● **SOURCE DATA**
....................
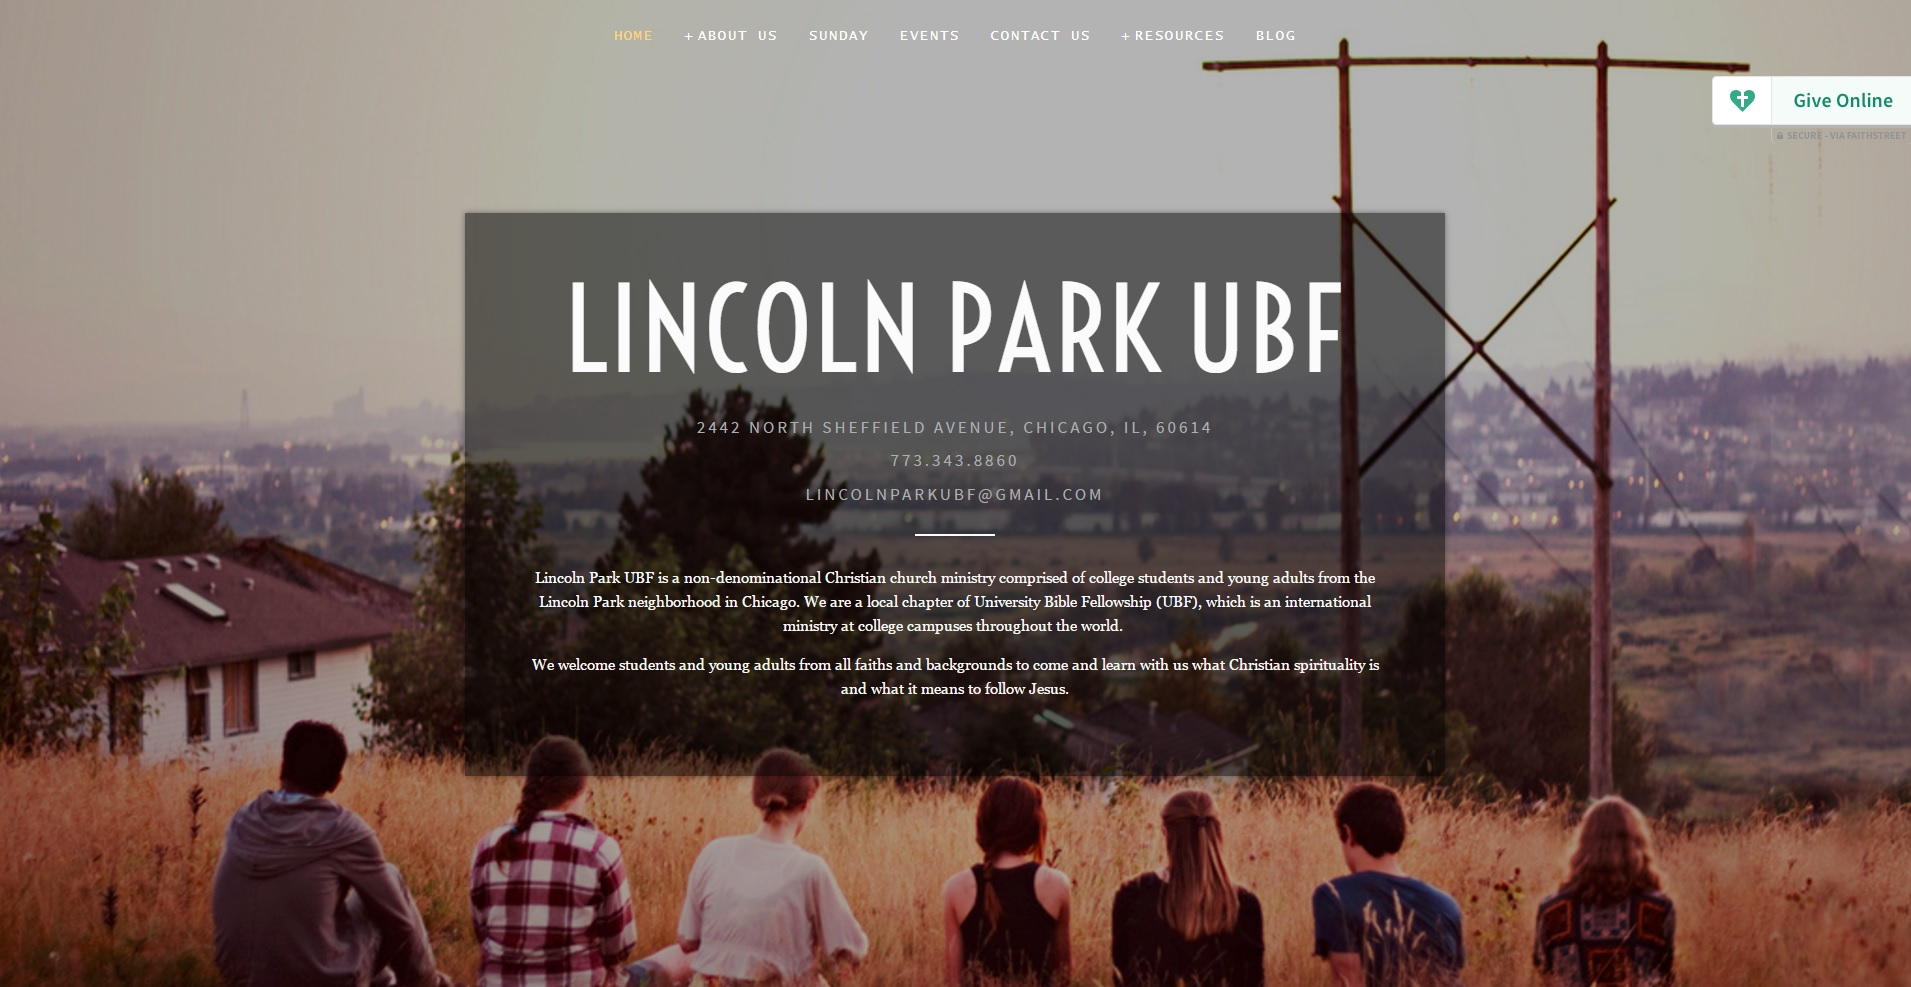 Lincoln Park UBF
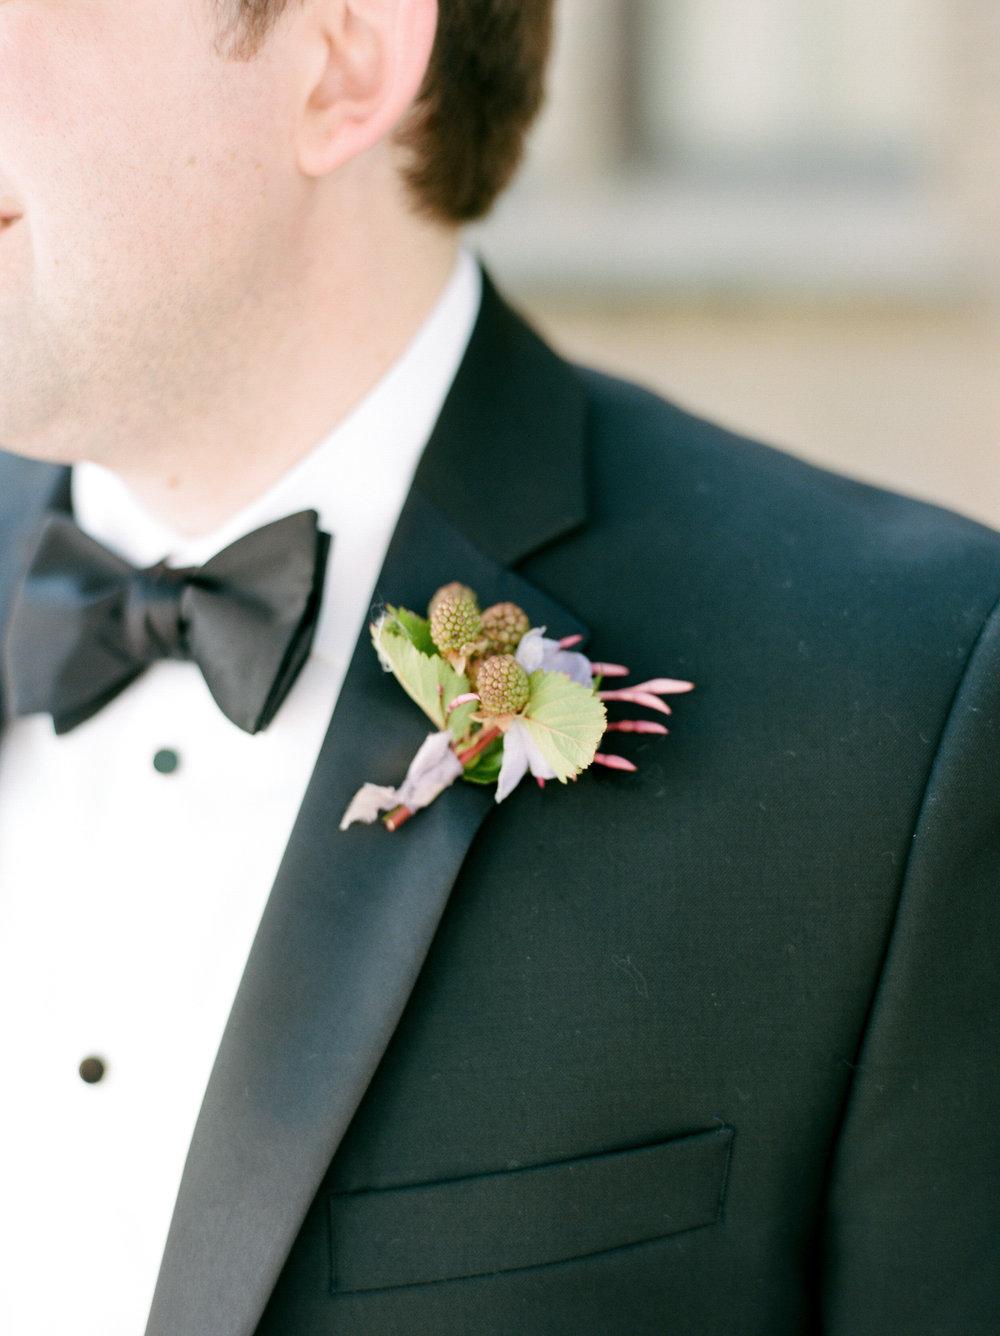 The-Knot-Texas-Fine-Art-Wedding-Film-Destination-Photographer-Houston-Austin-Dallas-New-Orleans-Julia-Ideson-Library-Event-Dana-Josh-Fernandez-Photograph-Top-Best-36.jpg
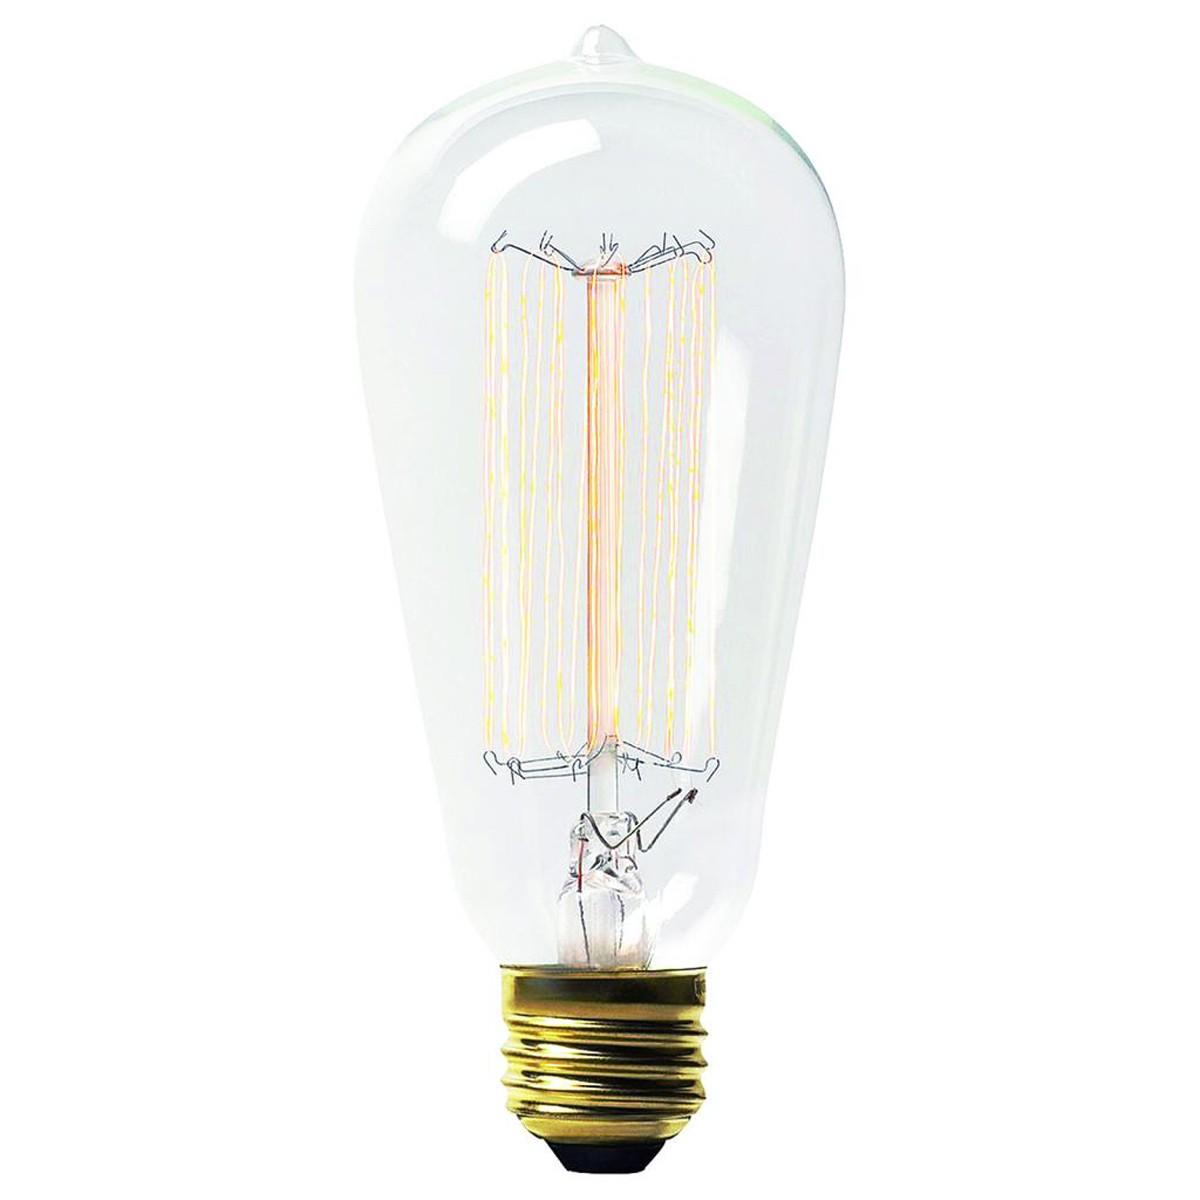 Ren-Wil Retro Light Bulb
....................
● **TASK STATEMENT**
An exact copy of the listing above, minus its pictures, is what is needed here.

● **ANSWER BOX**
 Lincoln Park UBF
 The-Knot-Texas-Fine-Art-Wedding-Film-Destination-Photographer-Houston-Austin-Dallas-New-Orleans-Julia-Ideson-Library-Event-Dana-Josh-Fernandez-Photograph-Top-Best-36.jpg
 Ren-Wil Retro Light Bulb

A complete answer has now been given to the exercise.